The 2.1 A structure of Torpedo californica creatine kinase complexed with the ADP-Mg(2+)-NO(3)(-)-creatine transition-state analogue complex.

Creatine kinase (CK) catalyzes the reversible conversion of creatine and ATP to phosphocreatine and ADP, thereby helping maintain energy homeostasis in the cell. Here we report the first X-ray structure of CK bound to a transition-state analogue complex (CK-TSAC). Cocrystallization of the enzyme from Torpedo californica (TcCK) with ADP-Mg(2+), nitrate, and creatine yielded a homodimer, one monomer of which was liganded to a TSAC complex while the second monomer was bound to ADP-Mg(2+) alone. The structures of both monomers were determined to 2.1 A resolution. The creatine is located with the guanidino nitrogen cis to the methyl group positioned to perform in-line attack at the gamma-phosphate of ATP-Mg(2+), while the ADP-Mg(2+) is in a conformation similar to that found in the TSAC-bound structure of the homologue arginine kinase (AK). Three ligands to Mg(2+) are contributed by ADP and nitrate and three by ordered water molecules.

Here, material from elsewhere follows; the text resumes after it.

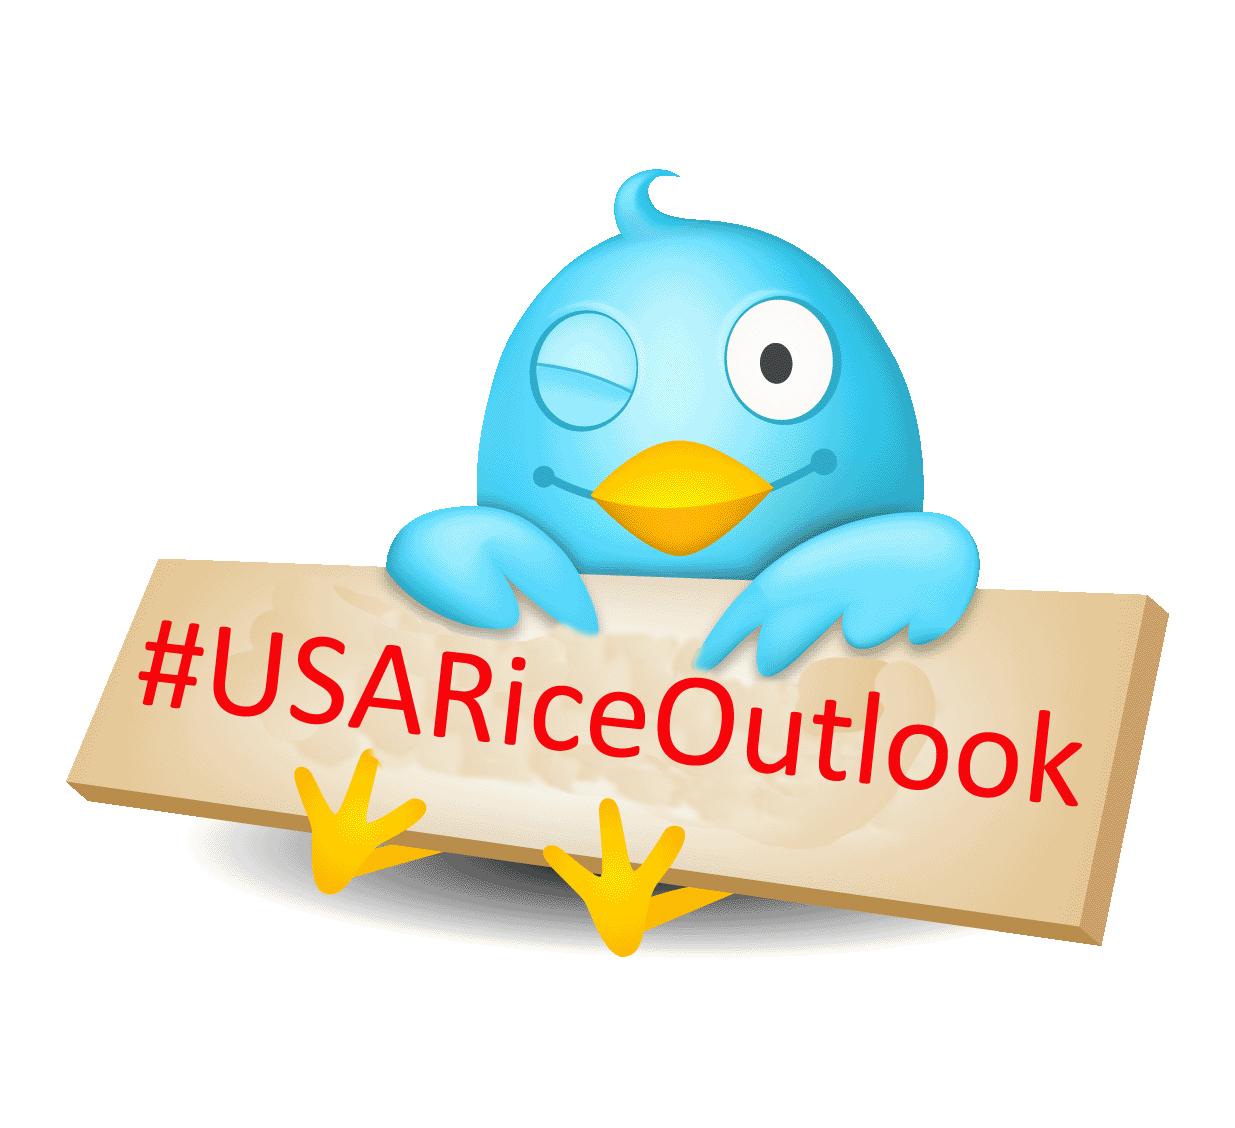 U.S. Rice - the feel good food

The most striking difference between the substrate-bound and TSAC-bound structures is the movement of two loops, comprising residues 60-70 and residues 323-332. In the TSAC-bound structure, both loops move into the active site, resulting in the positioning of two hydrophobic residues (one from each loop), Ile69 and Val325, near the methyl group of creatine. This apparently provides a specificity pocket for optimal creatine binding as this interaction is missing in the AK structure. In addition, the active site of the transition-state analogue complex is completely occluded from solvent, unlike the ADP-Mg(2+)-bound monomer and the unliganded structures reported previously.